Variability in blood pressure has been recognized as a potential risk factor, whereas no standard formula available for its calculation. Multiple measures, such as standard deviation, coefficient of variation, and root successive variance, hamper the understanding of blood pressure variability [13]. In our study, to adjust for mean blood pressure and account for different visit intervals, the blood pressure variability was calculated as the difference in SBP between two waves divided by the mean and further scaled into the average variation per year. Using the same measure, Yuan et al. reported that a large blood pressure variation over years was associated with changes of subclinical brain structural [25] and an increased long-term risk of dementia [15]. Here we found an elevated risk of all-cause mortality with a large rise and fall in later-life SBPV among oldest-old people.

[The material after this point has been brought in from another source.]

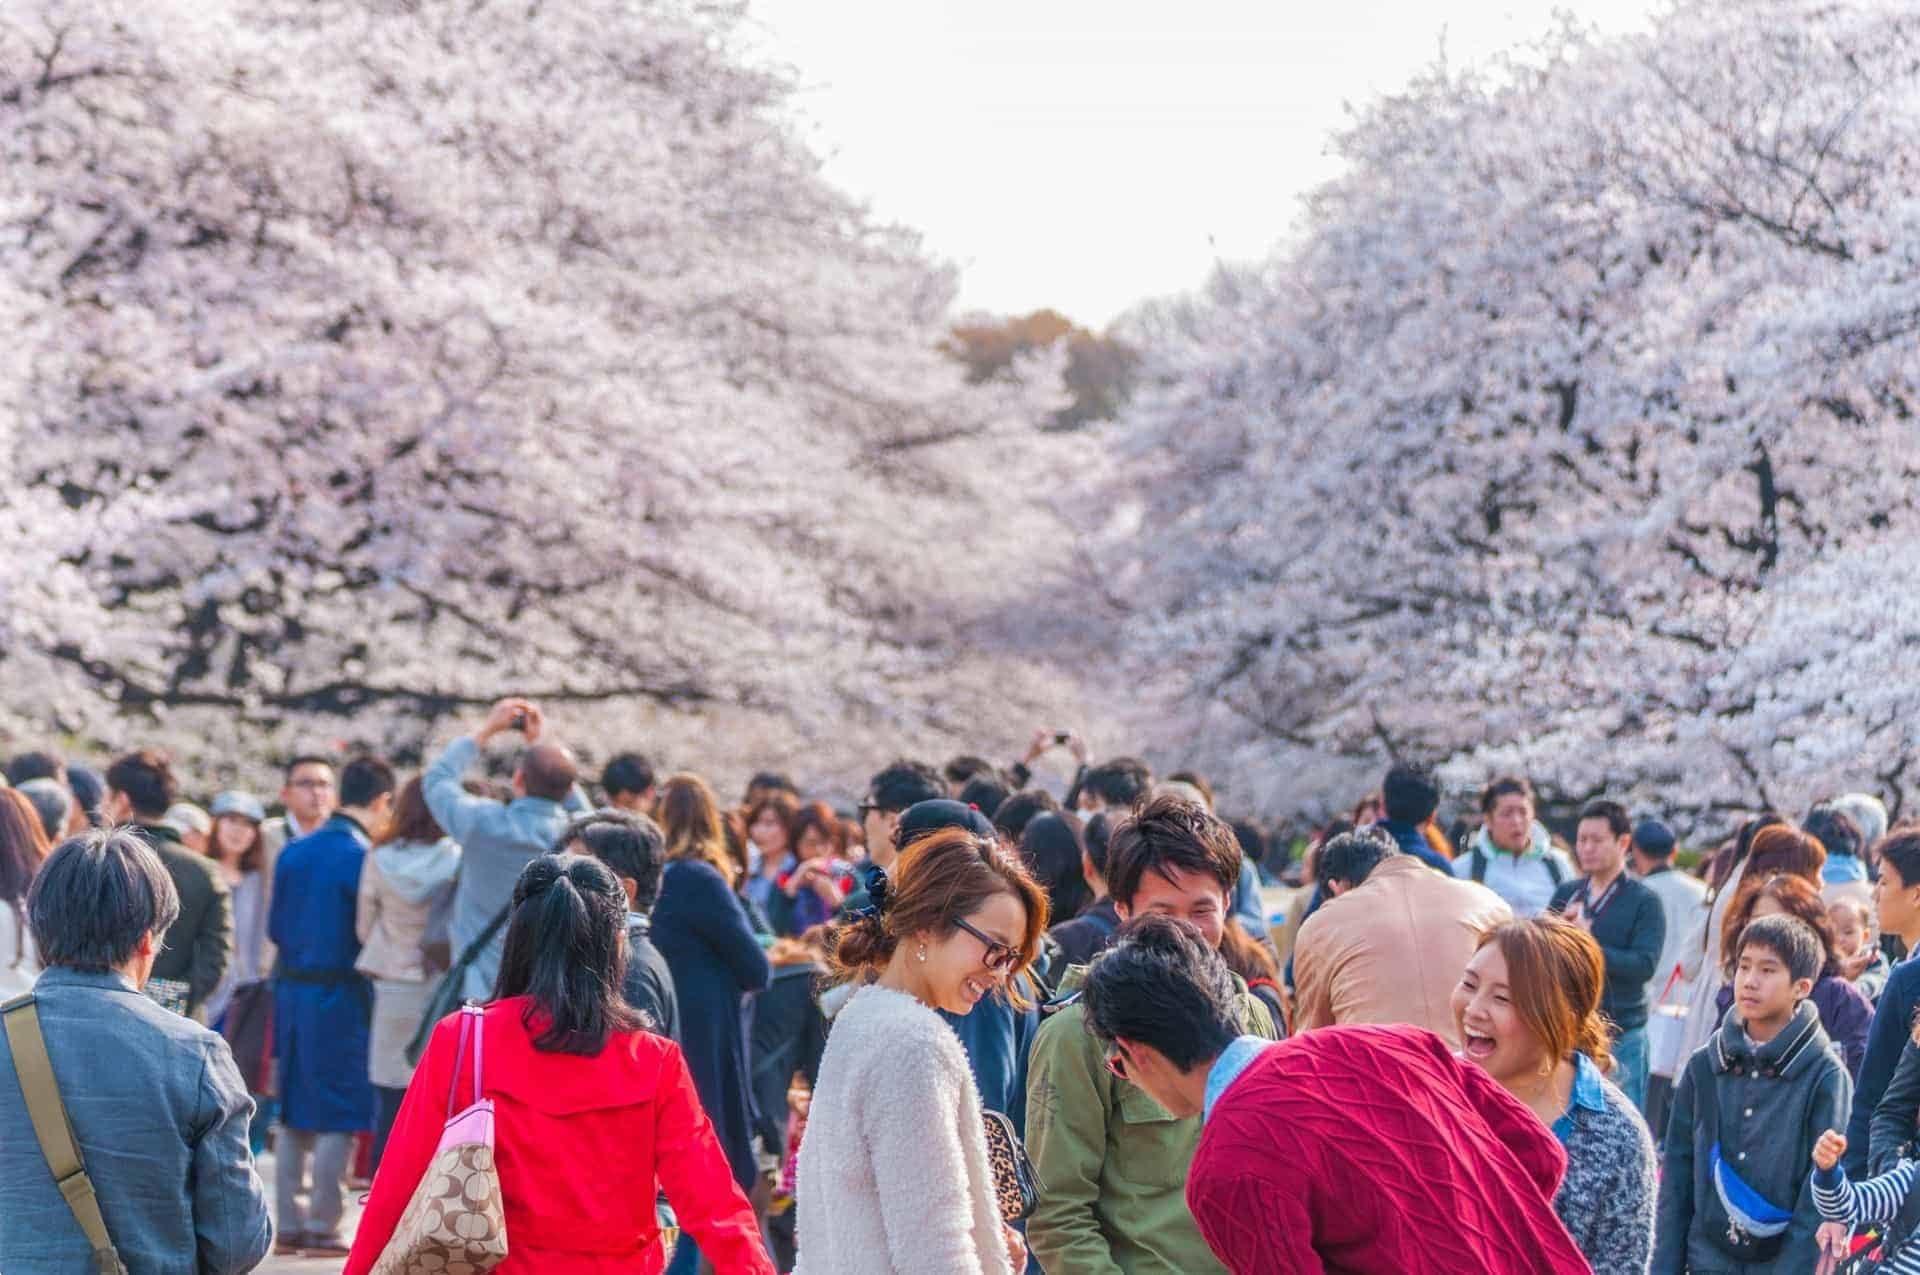 Japanese tour

Blood pressure variability, especially long-term, is associated with cardiovascular and mortality outcomes and shows additional prognostic value independent of mean blood pressure [13]. Although the underline mechanism has not been well understood, it could be partly explained by arterial stiffness [26] or the changes to antihypertensive drugs resulting from poor blood pressure control [27]. Greater blood pressure variability also decreases endothelial function [28] and leads to greater cardiac and vascular damage as well as progression of the left ventricular mass index [29][32]. Future studies should explore this relationship in-depth to determine dynamic and individualized targets for older people.

Strengths and limitations

Our study has some unique and useful features. The most important feature is that based on the large-scale population-based cohort, we thoroughly investigated associations of changes of late-life SBP with risk of mortality among oldest-old, which filled in a certain knowledge gap about control of late-life blood pressure in older population [30]. On the other hand, there are still some limitations in our study. Firstly, although we have carefully adjusted many potential confounders, other unknown factors were still possible. Many factors, such as treatment of hypertension, blood glucose, were not collected in the CLHLS and could not be analyzed here. Secondly, frailty index used in our study was adapted from a former study [18] and has not been further validated. Considering frailty status is an important confounder for assessing health effects of hypertension among elderly population [31, 32], our results should be interpreted with caution and other studies with validated frailty measurement are needed. Finally, our study has a roughly 3-year run-in period to meet the requirement for calculating the primary exposure suggesting that the included participants could be selected healthy individuals, limiting the generalizability of our findings to the general population.

Conclusions

Our findings suggest that SBP variability might be an important factor in understanding mortality risk in oldest-old, affirming the need to develop better strategies for blood pressure management in this population.